In my opinion, the skid window is from counter overflow to interrupt
delivered. While if the skid window is too *big* (e.g. user -> kernel), it
should be not very useful. So personally, I'd prefer to drop the samples.

I really don't get your insitence on dropping the sample. Dropping
samples is bad.
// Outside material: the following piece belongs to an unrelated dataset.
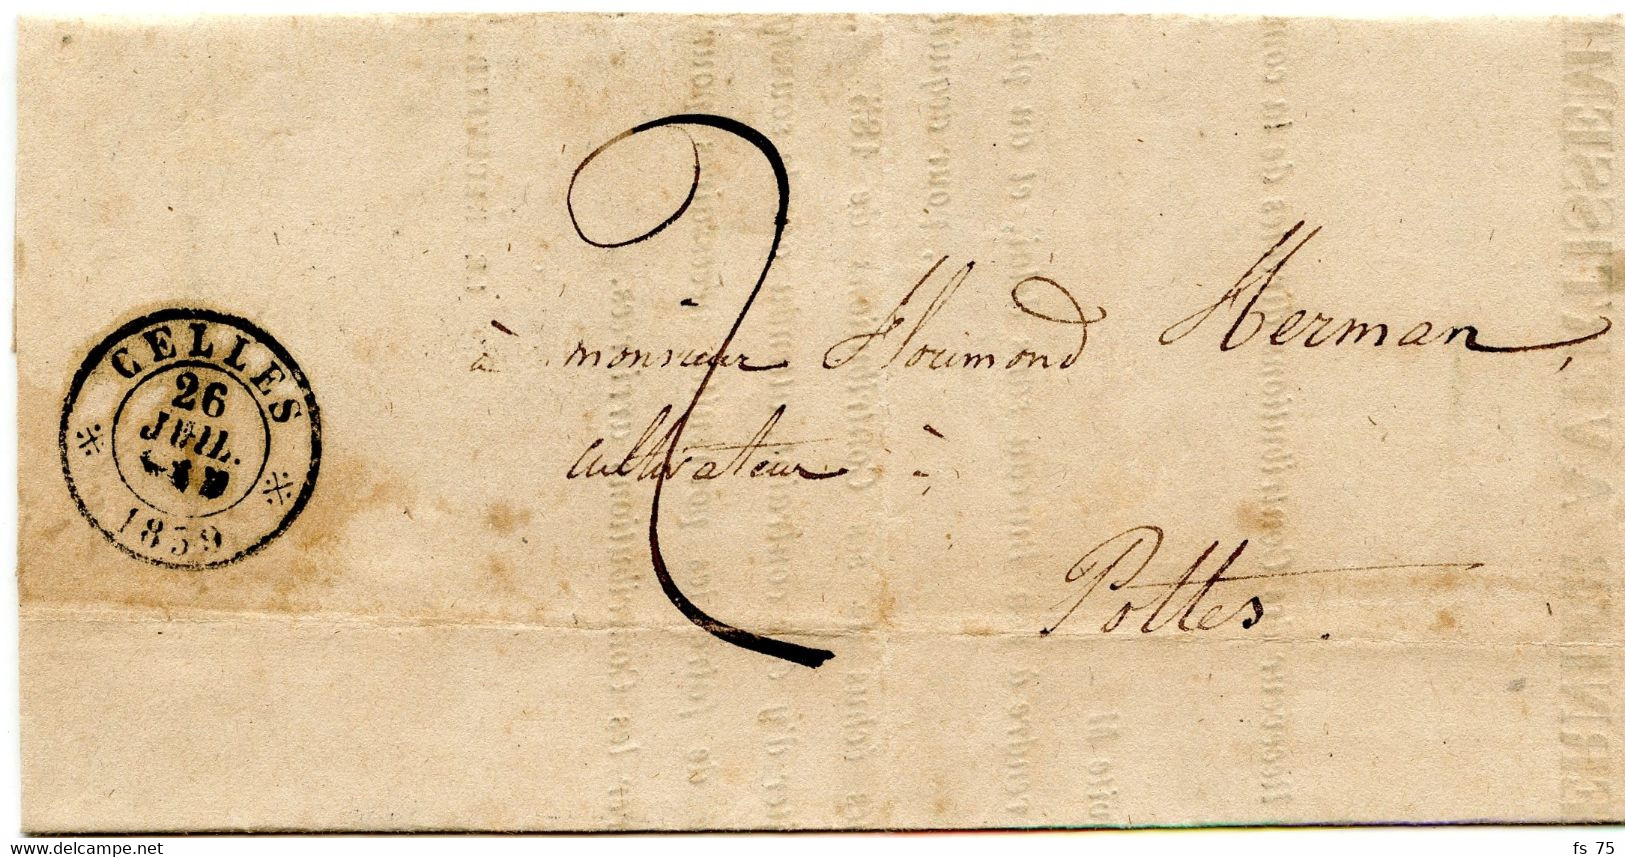 BELGIQUE - TAD DOUBLE CERCLE CELLES SUR LETTRE TAXEE, 1859 - Brieven En Documenten

Furthermore, doing what Mark suggests actually improves
the result by reducing the skid, if the event happened before we entered
(as it damn well should) then the user regs, which point at the entry
site, are a better approximation than our in-kernel set.

So not only do you not loose the sample, you actually get a better
sample.


OK, that's fine, thanks!

I guess Mark will post this patch, right?

Anyway looks we don't need following patch (0-stuffing sample->ip to indicate perf tool that it is a leak sample), right?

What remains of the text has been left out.